When Stefanie Mach was running for the state House of Representatives last year, she did what most candidates do: She knocked on doors.
It was no big deal to her, she says, but you can imagine the surprise of those who answered the door. There, asking for votes, was a burn victim whose right arm is missing and whose face is reconstructed and scarred.
It can take people time to get used to speaking with Mach face to face, but she brushes that aside.
"I'm fine with it. It's other people who are having to get used to it," she said. "My appearance is not my being. I'm much more than that."

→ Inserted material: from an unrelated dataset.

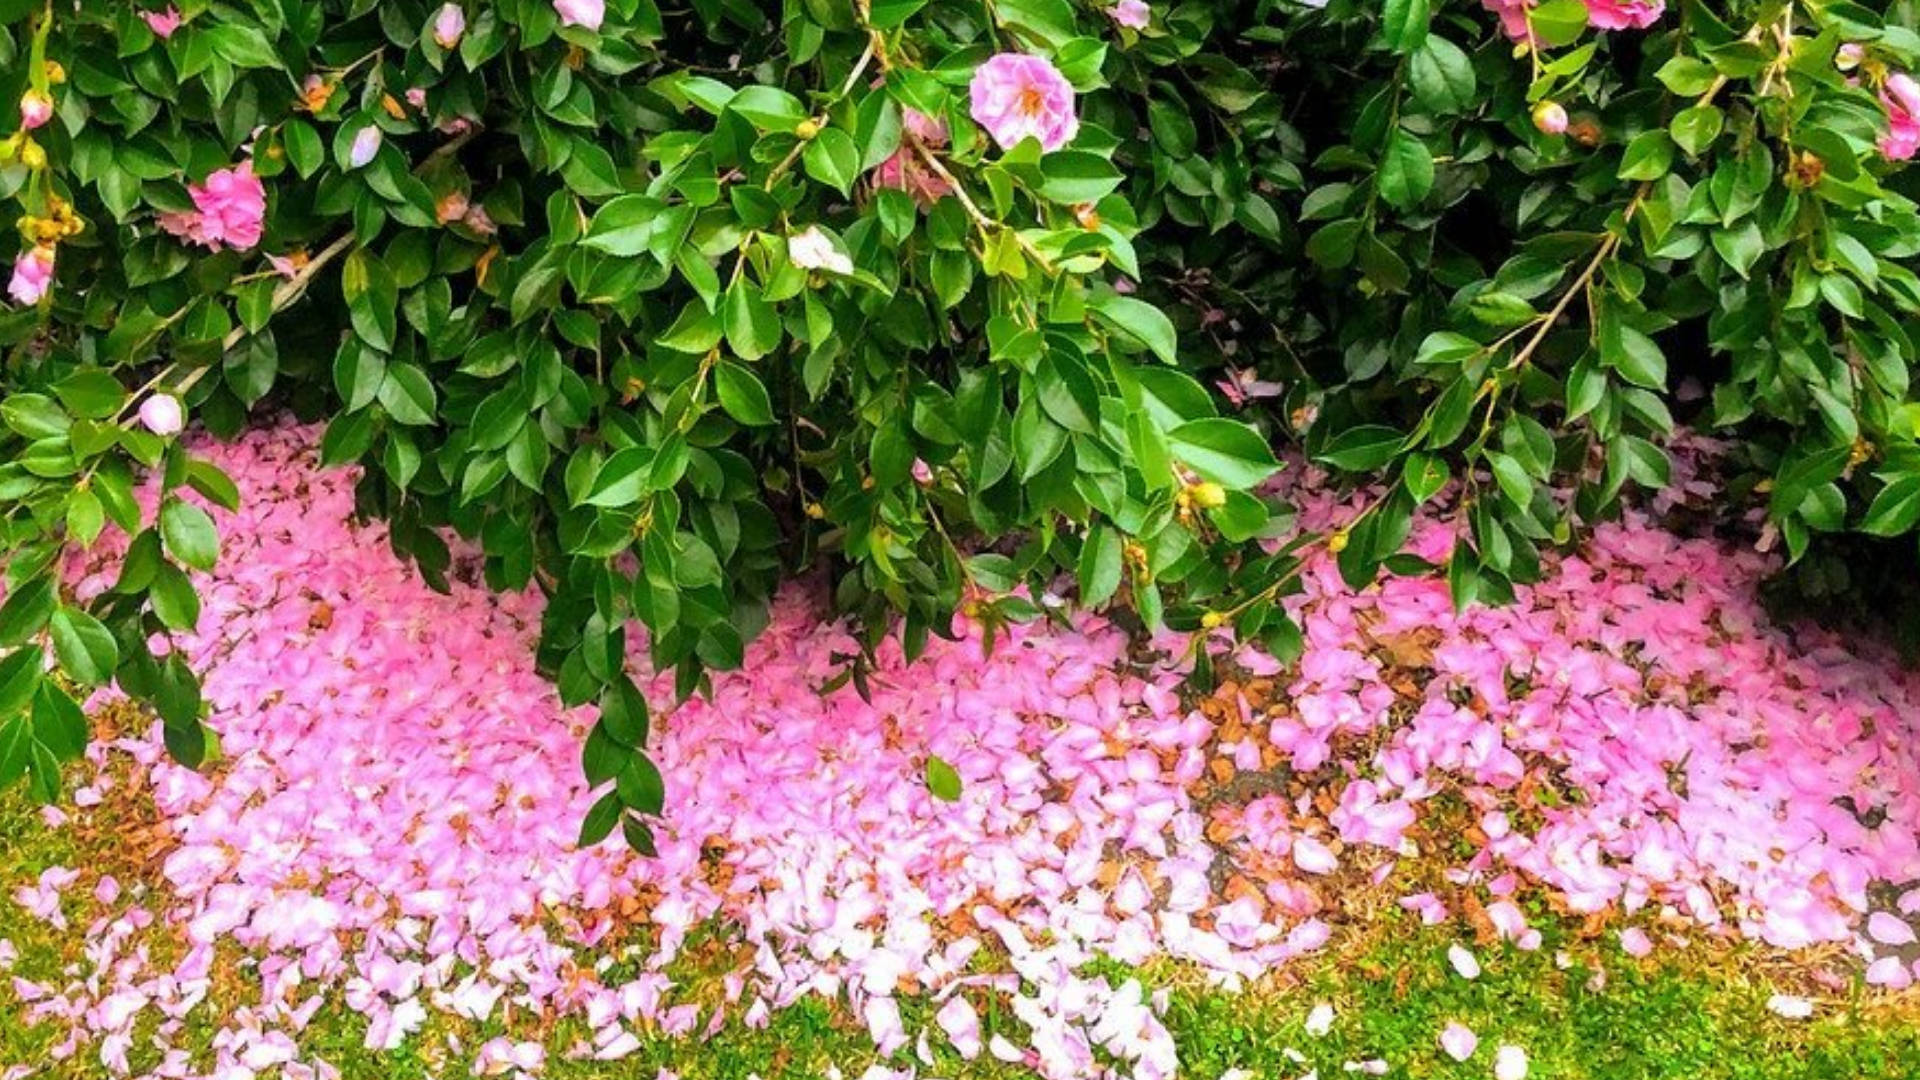 "A Moment of Beauty: Camellia Sasanqua with Fallen Petals" Wallpaper

It went without much notice in November when Mach, 32, won a seat in the House. And yet, I can't help but view it as remarkable because - there's no polite way to say this - severe burns leave people's bodies devastated in a way that can repel others.
Voters either didn't know or didn't care.

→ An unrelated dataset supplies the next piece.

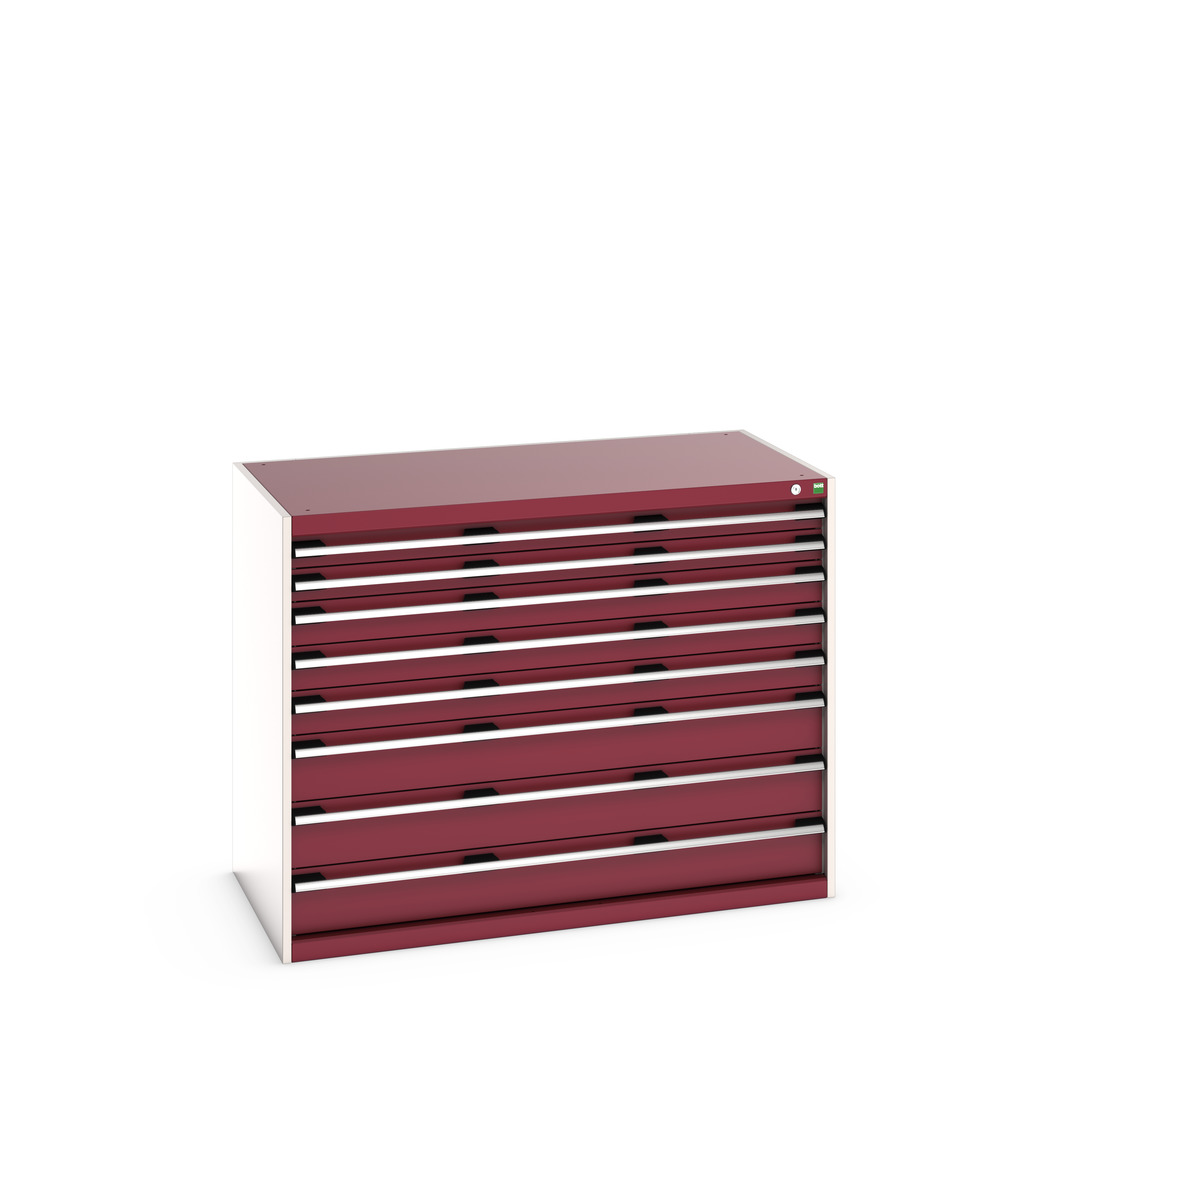 40030020.24V - cubio drawer cabinet

"The fact that her district was able to look past her physical disability and see that she can serve them in a meaningful way shows how far we've come," said Peri Jude Radecic, executive director of the Arizona Center for Disability Law.
The voters' choice doesn't seem as notable to Mach herself.
"Disability is not a term I relate to. There are many people who are much worse off than I am," she said.
Mach was one of two Democrats in a new district that leaned Democratic - the new LD10, on Tucson's east side. She and incumbent Bruce Wheeler beat the two GOP candidates, incumbent Ted Vogt and newcomer Todd Clodfelter.
I saw two debates in that race, and, while Mach wasn't up to date on some issues, she certainly held her own intellectually.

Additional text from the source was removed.